Circus Star over Two Hundred Years Old?

  • Circus Star?
  • by Geni White

           Computers are stupid. Their innermost brain, a series of zeros and ones, respond only as directed by programmers.

          Occasionally, the machines appear to think. However, my recent experience with computers confirms their ignorance.

         Years ago I set up ‘Google alerts’—orders to a search engine to tell when my name surfaces on the internet. Many writers receive these alerts, to catch anyone who publishes their material without first informing authors. Search engines like Google deploy software called ‘Web crawlers’ or ‘spiders’, to locate names and send these messages.

          In the early 1800’s, a gentleman named General White sent records, probably surveying information, to a Kaskaskia, Illinois resident. His reports were recorded by Illinois State Historical Society. He’s mentioned in the accounts as ‘Gen’l White’. I’m not related to this man. I don’t even know the location of Kaskaskia, Illinois.

          Google’s spider can’t read.

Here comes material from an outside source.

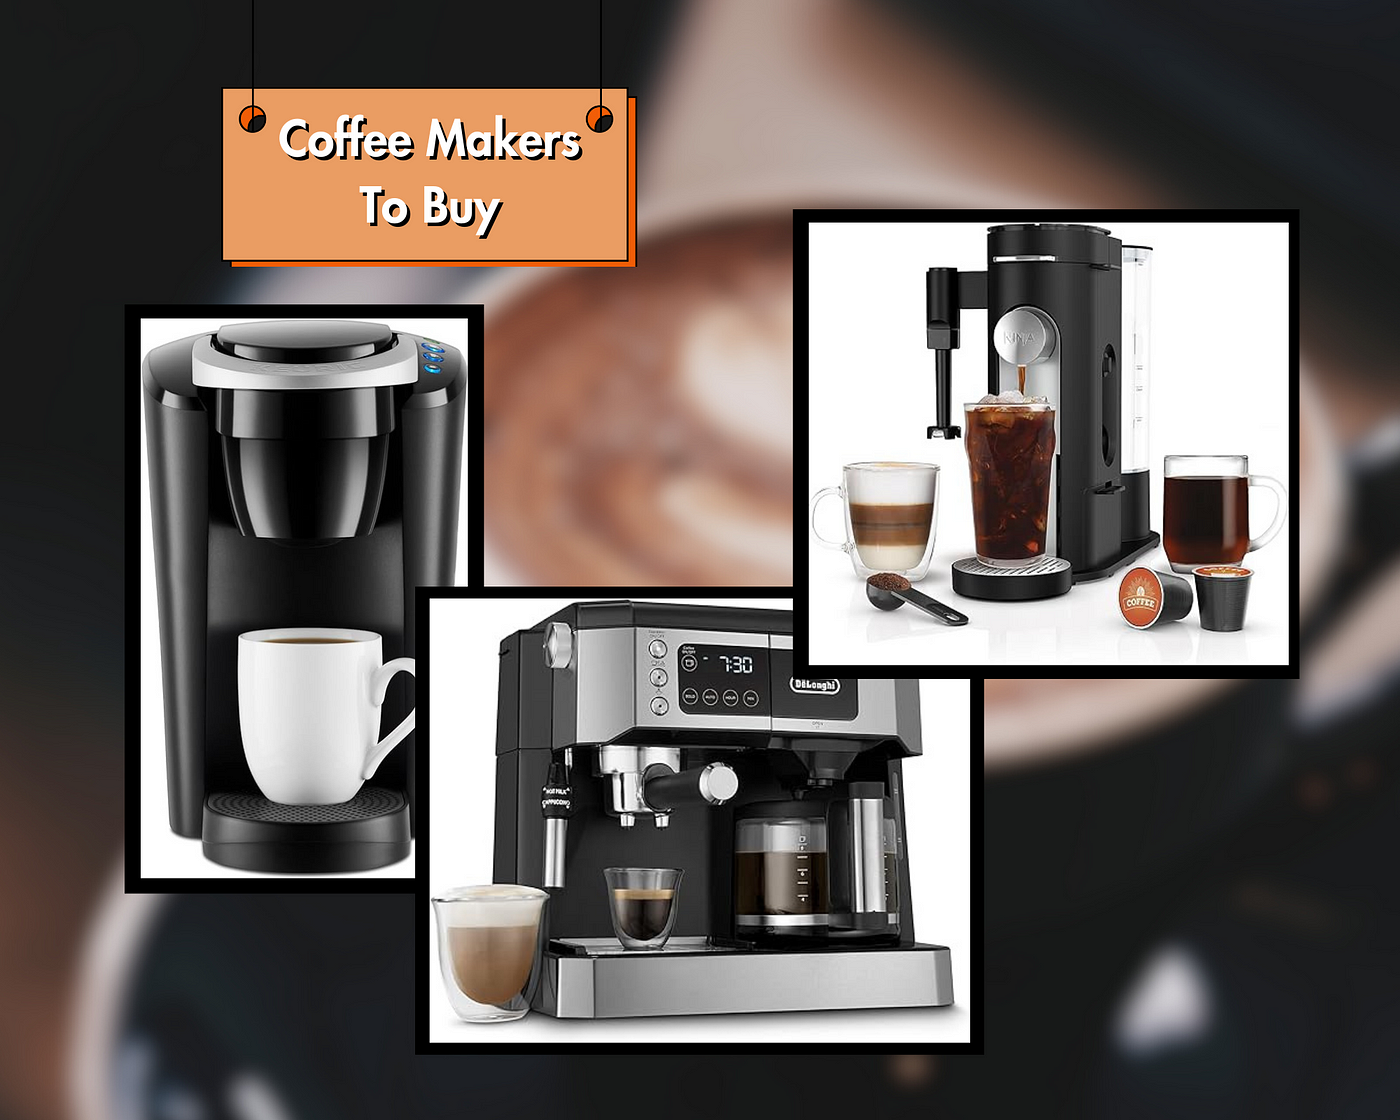 Ninja PB051 3-Cup Coffee Maker with Removable Reservoir - Black

It decided that the ‘l’ in Gen’l White’s abbreviated name, ‘Gen’l’ is an ‘i’, the last letter in my name, Geni.

          Soon I received a daily report that I contributed to the Kaskaskia, Illinois historical records in 1819. Nearly two hundred years ago! The computer thinks Gen’l White and Geni White are one person.      

          I don’t believe in reincarnation, but if I did, I’d certainly not return to life with the same name or body I previously inhabited. What’s the fun in that?

           I refuse to label my age of seventy-four as old. I certainly don’t desire a hundred and ninety.

          Wait! This could be worthwhile. Should I inform Guinness World Records? Talk about senior citizen privileges! Media around the world would interview me. I could join a circus and travel the planet—write time-travel books or hilarious history about events of two centuries I’ve supposedly lived through. ‘Gen’l White reporting here. This year’s Kaskaskia purebred horse race was won by a three-legged burro.’

          Tempting, but I couldn’t prove the age statistic. Other than canceling the alert, how do I resolve this problem?  E-mail Google?

  •                “Dear Google spider boss,
  •                Your web-crawler thinks an ‘l’ is an ‘i’
  •               and has relegated me to ancient history.
  •                 IF a human reads this, please inform
  •               your software of the truth.
  •                 I am Geni, not Gen’l.”

          However, fixing software can take hours. Who’d search for one small glitch in a complicated program?

          Maybe I should inform Kaskaskia, Illinois about what an illustrious citizen they apparently have. Maybe they’d publish my little tale and shame Google into reform?

          I Googled that city for the name of their newspaper. Recent census report shows nine people live in Kaskaskia! No newspaper. I tried the county seat, Chester, and their newspaper, the Sun Times. Their chat line offered hookups with sexy single women. I’m too old for that, and prefer my husband, anyway.